Biodiversità bancaria
«In molti Paesi le banche stanno espandendo i canali digitali e parallelamente riducendo il numero degli sportelli fisici. La minore capillarità della rete bancaria può ricreare anche solo temporaneamente barriere all’utilizzo dei servizi finanziari che in passato erano state superate». Così il Governatore di Banca d’Italia, Fabio Panetta, alla presentazione del libro in cui la rettrice della Cattolica di Milano, Elena Beccalli, ha sottolineato il ruolo delle Bcc nel «mitigare questi rischi, in virtù del loro radicamento territoriale e della prossimità ai clienti a contatto con dei soggetti vulnerabili che faticano a adattarsi al nuovo mondo digitale come le pmi o le persone più anziane».
Si tende a porre l’attenzione alla componente del sistema economico e finanziario di maggiori dimensioni e peso mediatico. Ancor di più nel comparto del credito: alla prima stagione di concentrazioni sta seguendo una seconda, senza che il dibattito tenga conto di altre realtà importanti, di dimensioni inferiori, che con sforzo quotidiano innervano i sistemi economici territoriali, anche i più periferici. Forse non si è ancora compreso il vero valore della «biodiversità bancaria» che, come quella imprenditoriale, può garantire agli attori economici e sociali una pluralità di approcci, una maggior concorrenza «del» e «nel» mercato, la salvaguardia dall’omologazione e dal pensiero unico.

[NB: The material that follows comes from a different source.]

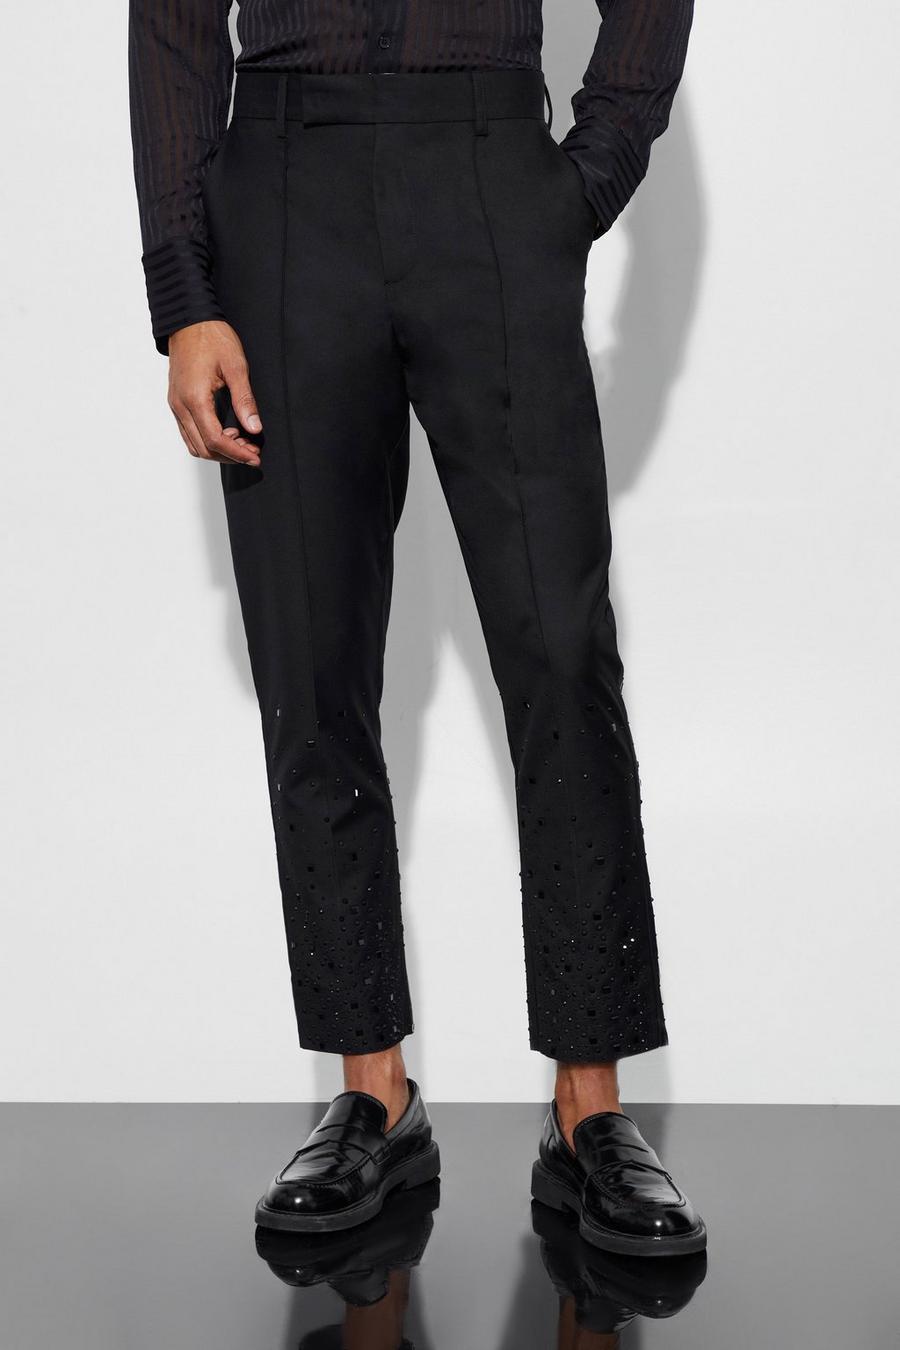 Black Rhinestone Detail Tapered Suit Trousers

Il dibattito sulla filiale perduta non deve farci correre il rischio di distrarre l’attenzione dalla luna, per concentrarci sul dito che la indica. Le banche «di comunità» insieme a quelle «grandi» possono operare per dare risposte adeguate a tutte le esigenze, moderne o più tradizionali, di una provincia sempre più «glocale», in una concorrenza nella quale ognuno fa ciò che sa fare meglio, a tutto vantaggio del cliente. Il ruolo della Banca d’Italia sarà ancora prezioso, coniugando esigenze di razionalizzazione e sensibilità al locale.